Adının açıklanmasını istemeyen eski bir ABD istihbaratı yetkilisi, "Kaşıkçı'nın yakalanması, tutuklanması olarak yorumlanmış ve bu nedenle uyarı zorunluluğu doğmamış olabilir ama söz konusu dinlemelerde şiddet içeren eylemler planlanmışsa evet, Kaşıkçı uyarılmalıydı." değerlendirmesinde bulundu. Uyarı sürecinden sorumlu olan Ulusal İstihbarat Direktörü Ofisi, Kaşıkçı ile bu konuda iletişime geçilip geçilmediği konusunda yorum yapmadı. Eldeki veriler ve ortadaki neticeye göre Kaşıkçı`nın uyarılmadığı bir gerçektir.

FBI`ın soruşturma sürecine müdahil olması, Suudi Arabistan açısından iki ucu keskin bir kılıç gibidir. Bu süreçte ABD, Suudi Arabistan`dan büyük tavizler koparmaya çalışacaktır. Eğer ABD istediklerini alabilirse, FBI gelip sözde bir soruşturma yapıp Suudi Arabistan`ı aklayacaktır. Yok eğer ABD`nin istekleri karşılanmaz ise FBI bu süreci ve Kaçıkçı`nın etkisiz hale getirilmesi hadisesini, dünya basınına servis edecek ve Muhammed bin Selman`ı uluslararası toplumun önüne atacaktır. Böylelikle Muhhamed bin Selman derin hipnozdan ve tatlı Ortadoğu liderliği uykusundan uyanacaktır. Bu aşamada yine kurtarıcı rolü ile devreye girecek olan ABD bu sefer daha büyük tavizler isteyecektir. Küçük Prens ya çok büyük anlaşmalarla paçayı kurtaracak ya da uluslararası ceza mahkemesine çıkarma seçeneği dahil olmak üzere, Suudi hanedanının diğer kanadı ile anlaşılıp Kral, tarihin çöplüğüne gömülecektir. Bu gün Muhammed bin Selman`a yapılanlar, zamanında Saddam Hüseyin`e yapıldı. Saddam Hüseyin Arapların lideri olduğuna inandırıldı ve Ortadoğu`daki birçok projenin uygulayıcısı oldu. Hatta Saddam`ın sonunun başlangıcı olan Kuveyt`in işgali ABD`nin göz yumması ve hatta bazı rivayetlere göre teşviki ile gerçekleşmiştir. Ama Kuveyt`in işgali Saddam`ın sonunun başlangıcı oldu. Küçük Prens, Ortadoğu`nun gerçeklerine göre siyaset yapmak yerine tozpembe dünyasında tüm Arapların lideri hülyalarını yaşamaktadır. Bu süreçte ABD bir yandan onu desteklerken diğer yandan kabaran günah defterini büyük bir itina ile tutmaktadır. Ve zamanı gelince ve “Küçük Enişte”, sadakatinde bir gevşeklik gösterirse; bu kayıtlar, “Küçük Enişte”nin defterini dürmek için kullanılacaktır.

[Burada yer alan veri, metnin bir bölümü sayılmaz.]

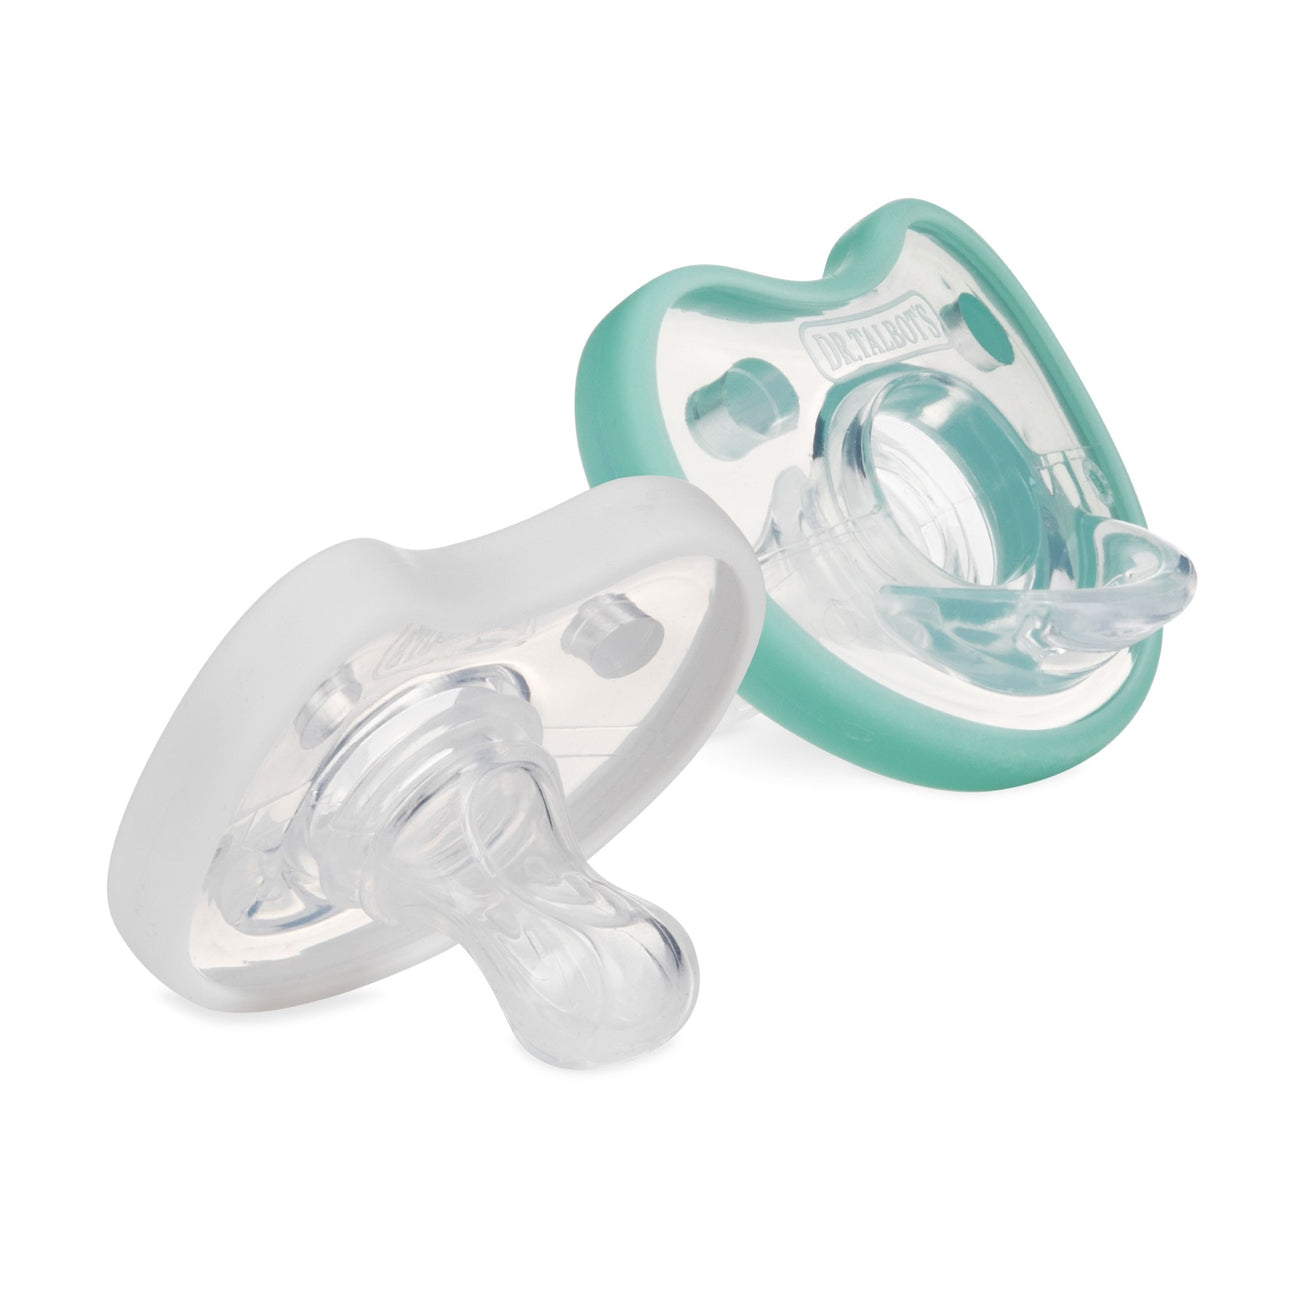 Soft-Flex Orthodontic Pacifiers 0-6 Months - 2 Pack - Dr Talbot's US

Bu hadisenin Türkiye`ye bakan boyutunun yanı sıra ele alınabilecek birçok yönü vardır. Biz, olayın farklı bir boyutuna dikkat çekmek istedik.

Muhammed bin Selman`ın iktidarı ile beraber, içerideki muhaliflerin yanı sıra dışardaki muhaliflere yönelik bir operasyon süreci başladı ve muhalifler birer birer kaybolmaya başladı. Elbette bu operasyonlara destek veya sessizlik karşılığında küresel şer güçlere bir diyet ödenmiştir. Eğer bu destek devam ederse önümüzdeki süreçte buna benzer pervasız operasyonlara, infazlara ve kaçırmalara şahit olabiliriz.